Tuesday 1 October 2013

Life Can Be So Fragile; Please Protect It

A couple of weeks ago I saw a post on Facebook about a new measles strain making an appearance in Canada.  Since then, immunity, or lack there of, has been on my mind more and more. 

When a child (or anyone for that matter) has cancer and undergoes chemotherapy treatments their immunity is compromised.  It is a constant worry, as the mother of a child with cancer, that my child will catch something when his defences are down.  Everything, from the common cold to strep throat, poses a potential risk to my child's life.  These illness are rampant, especially this time of year, and there is really nothing anyone can do, outside of proper hand washing, to prevent these infections.  So we send him to school when he is well enough to go and hope for the best.  What strikes a greater fear within me is the fact that there are far more dangerous diseases out there now making a comeback.  These diseases were pretty much non-existent due to widespread vaccination of children.  Seemingly simple childhood diseases like measles and chicken pox can cause huge problems and can even be fatal.  And that's for a 'healthy' child.  Add into the mix a child who has undergone months of chemotherapy, has had their immunization wiped out and has no white blood cells to speak of to fight off these infections and it scares me to death what the outcome may be. 

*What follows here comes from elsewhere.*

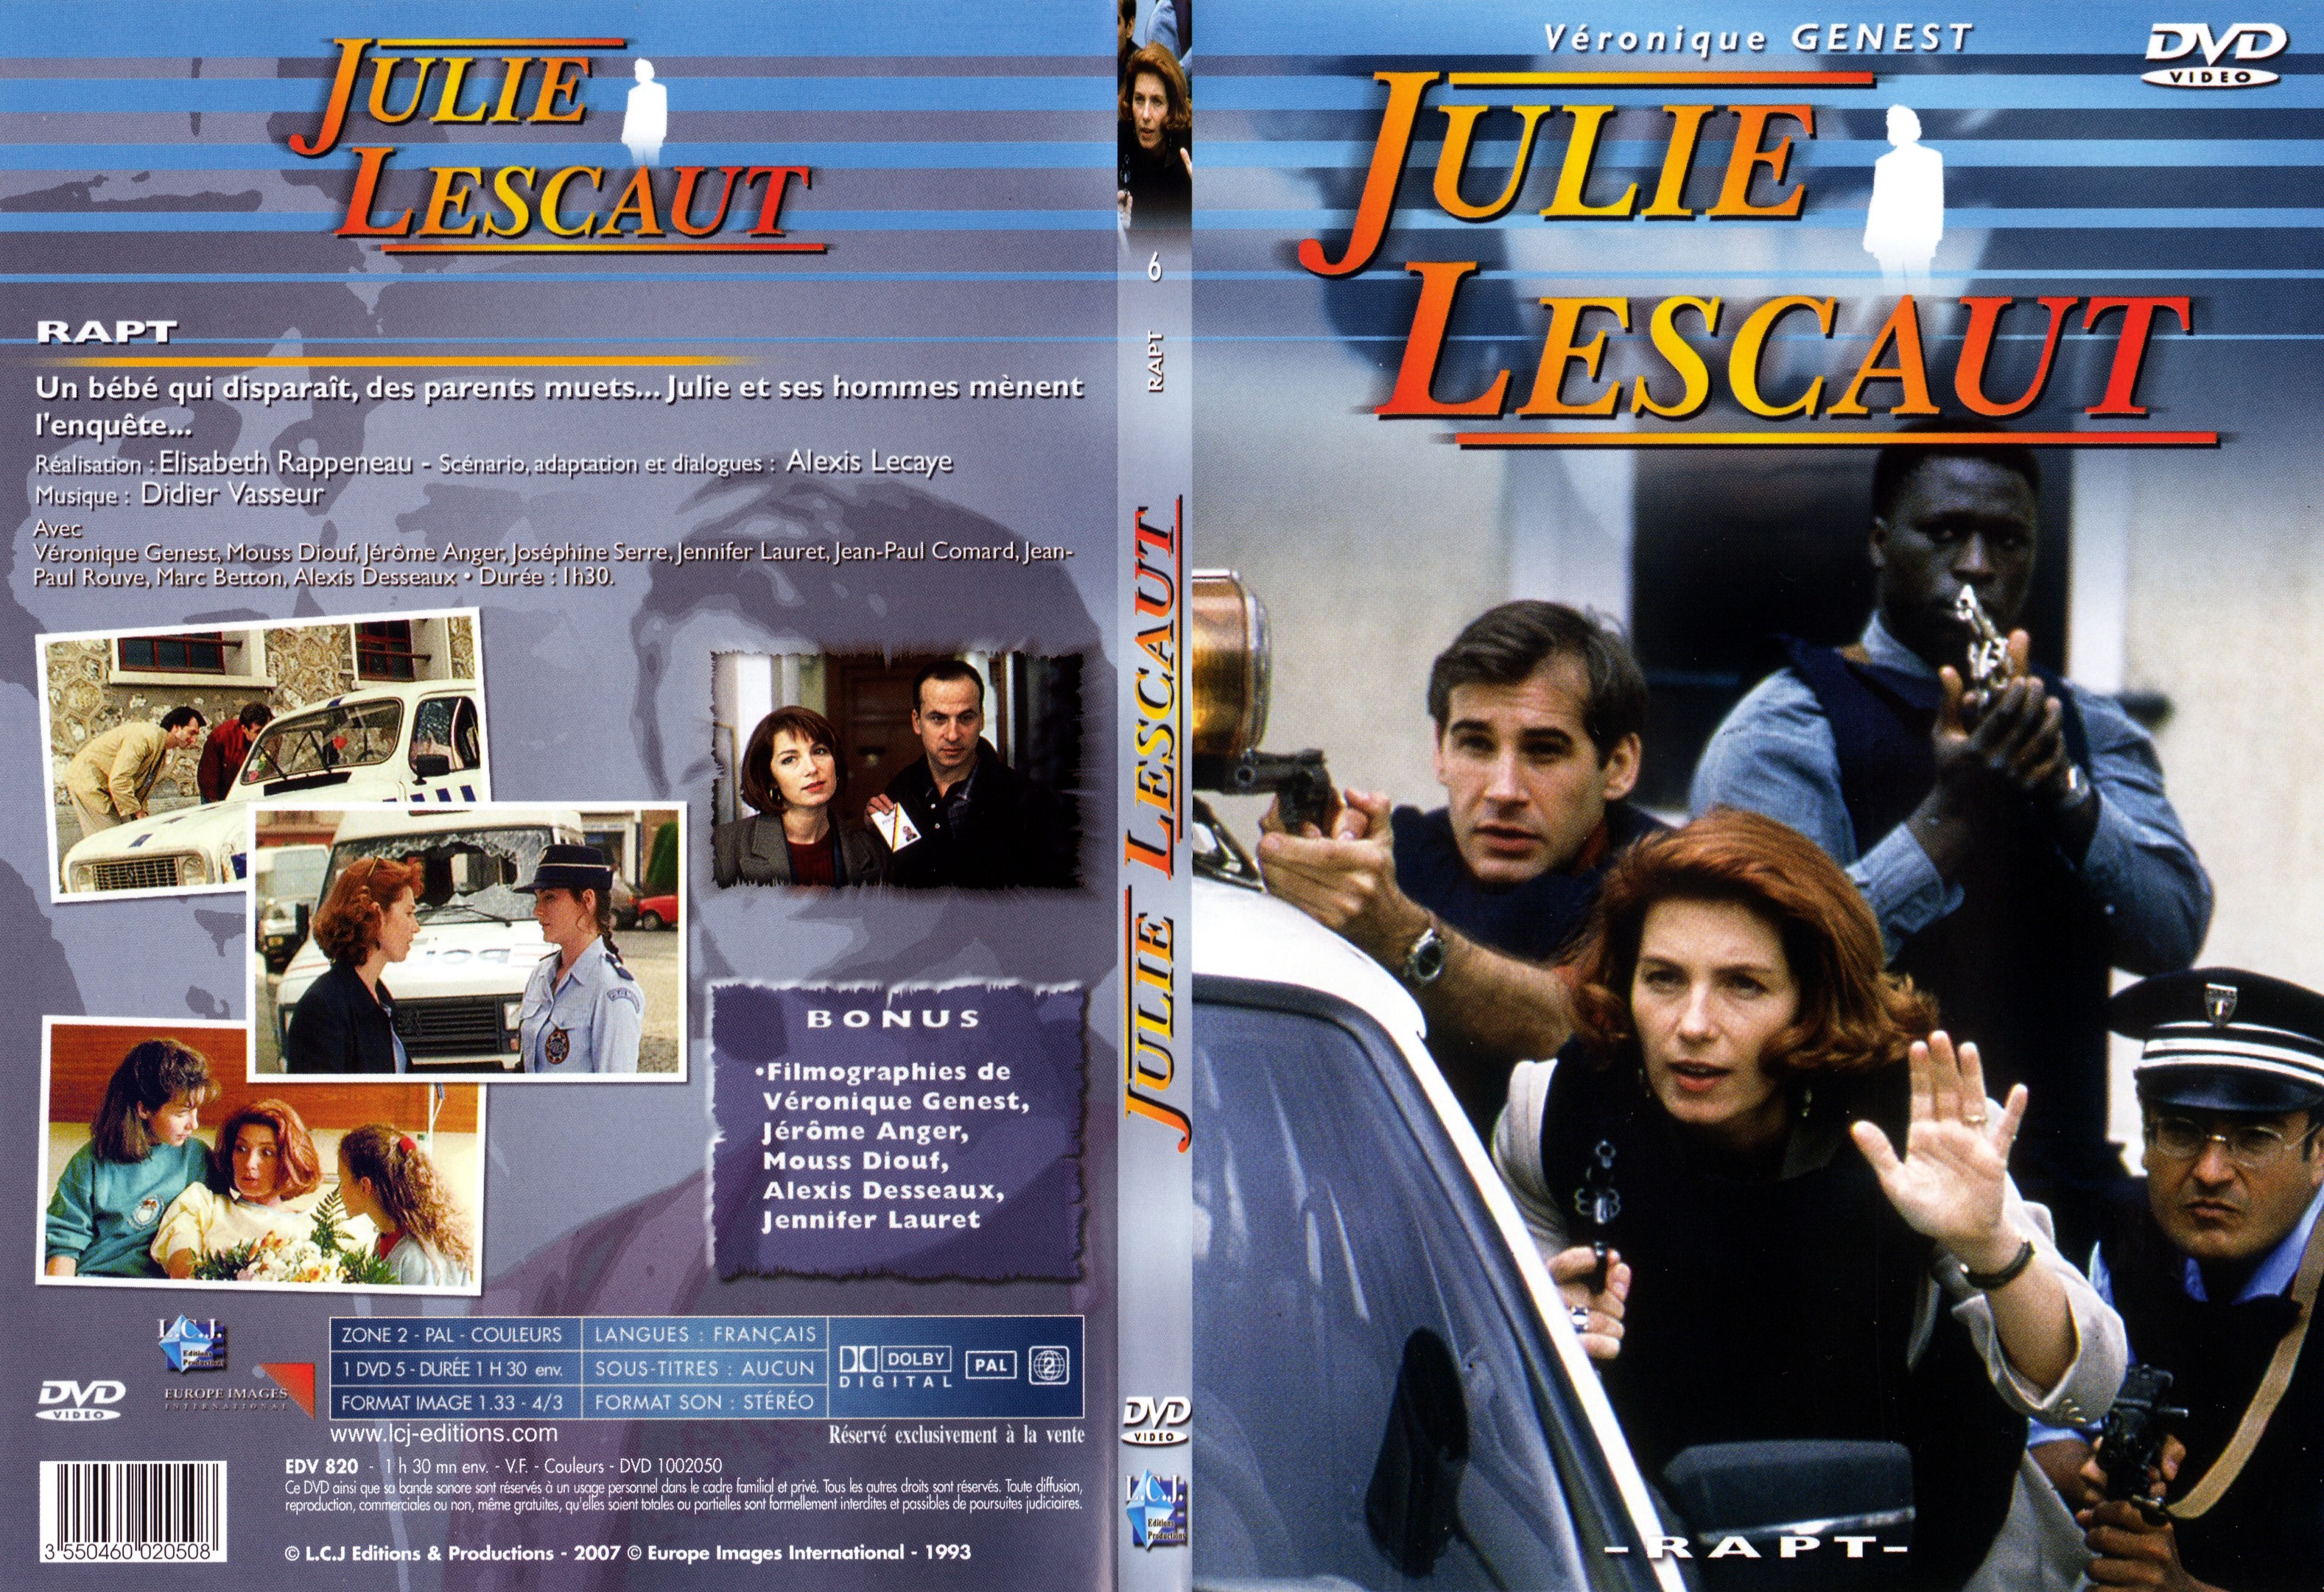 Jaquette DVD Julie Lescaut vol 06 - SLIM
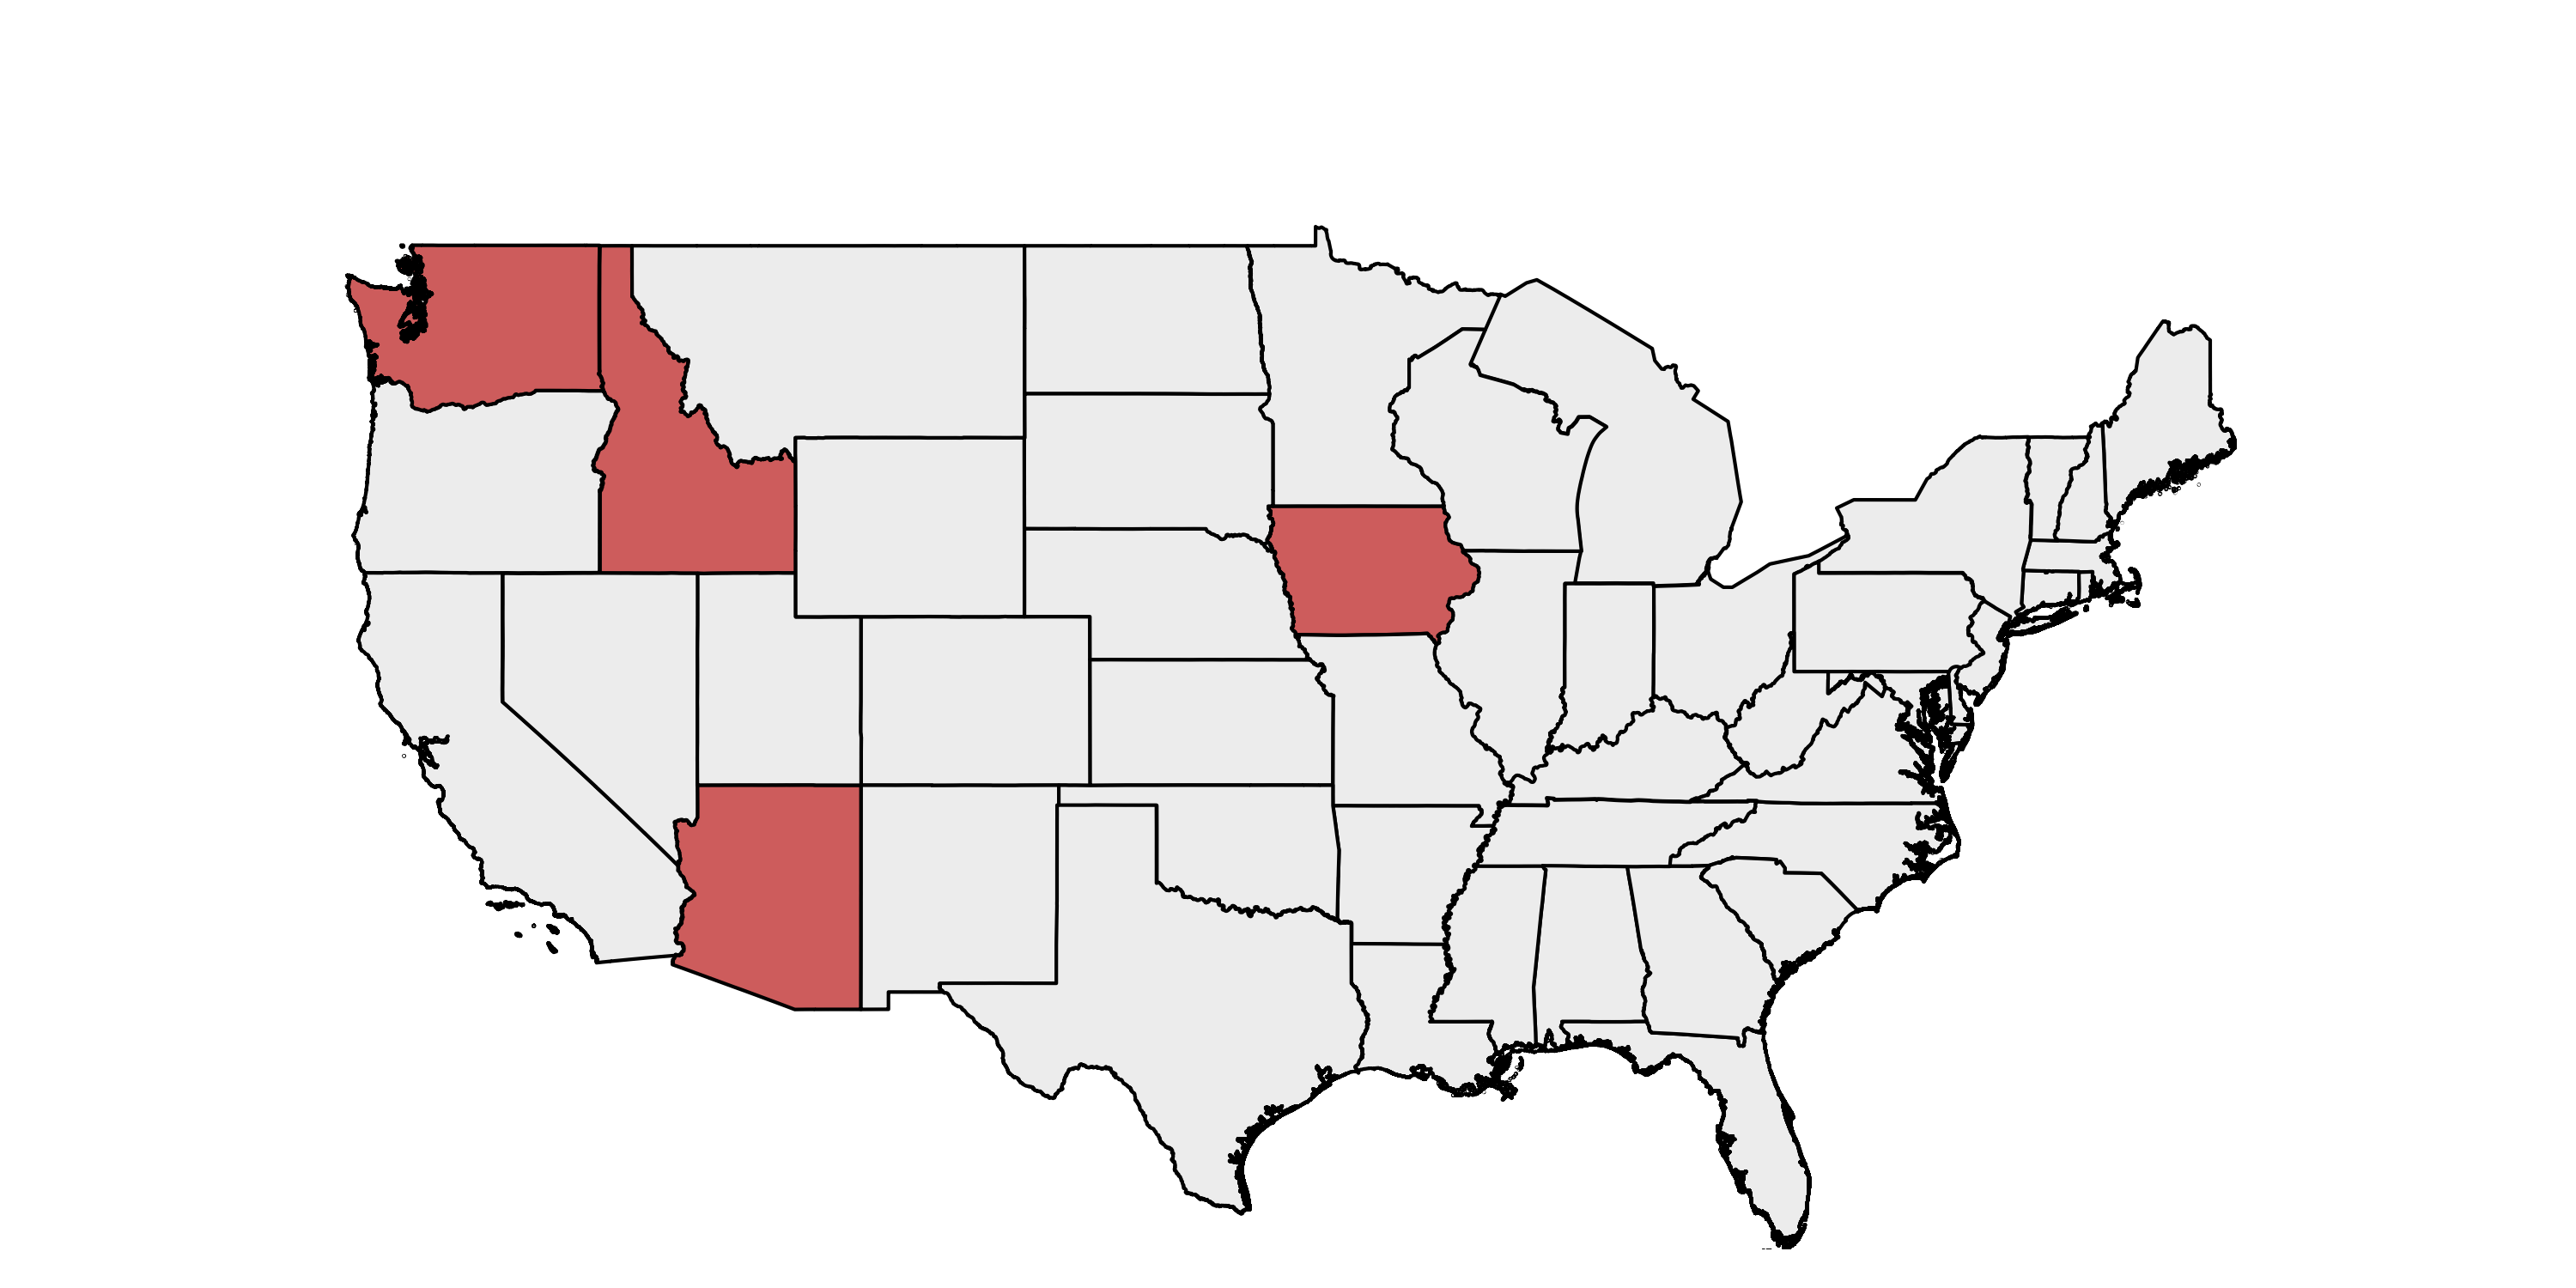 Arizona, Idaho, Iowa, and Washington

These types of diseases didn't have to come back.  They could have stayed dormant with no one to infect if so many people had not decided to opt out of immunizing their children.  I'm not normally a 'soap box' type of person but I'm standing on one today because I am fighting for my child's life and the lives of other children out there who were unlucky enough to be diagnosed with cancer and are forced to deal with all that goes along with it.  We did our part, as parents, and had all of our children vaccinated.  Unfortunately, Justin most likely has none of those immunities left.  If I could keep him in a bubble I would.  I am a mother and my child's greatest advocate and would do anything to protect him.  I'm not suggesting that those who choose not to immunize their children don't feel that same instinct to protect.  I'm sure you had your reasons and I'm not judging anyone.  My only hope is that the diseases that you chose not to vaccinate against never make their way into my son's body.  It would be a tragedy for him, or any immuno-compromised child, to have to suffer needlessly when they have so much else to deal with.  The consequences could be deadly.  Plain and simple.

As I write this today,  Justin is at home.  After today's Cancer Care appointment, he was advised not to return to school.  His counts are in the ditch.  He needs to return to Cancer Care tomorrow for a blood transfusion.  So, though my last entry speaks of forgetting sometimes that Justin has cancer, these are the in-your-face reminders that he does.  He looks good, but looks can be deceiving.  Within his veins a different story is told.  And it is that story that runs through my head incessantly as I pray that he doesn't get sick.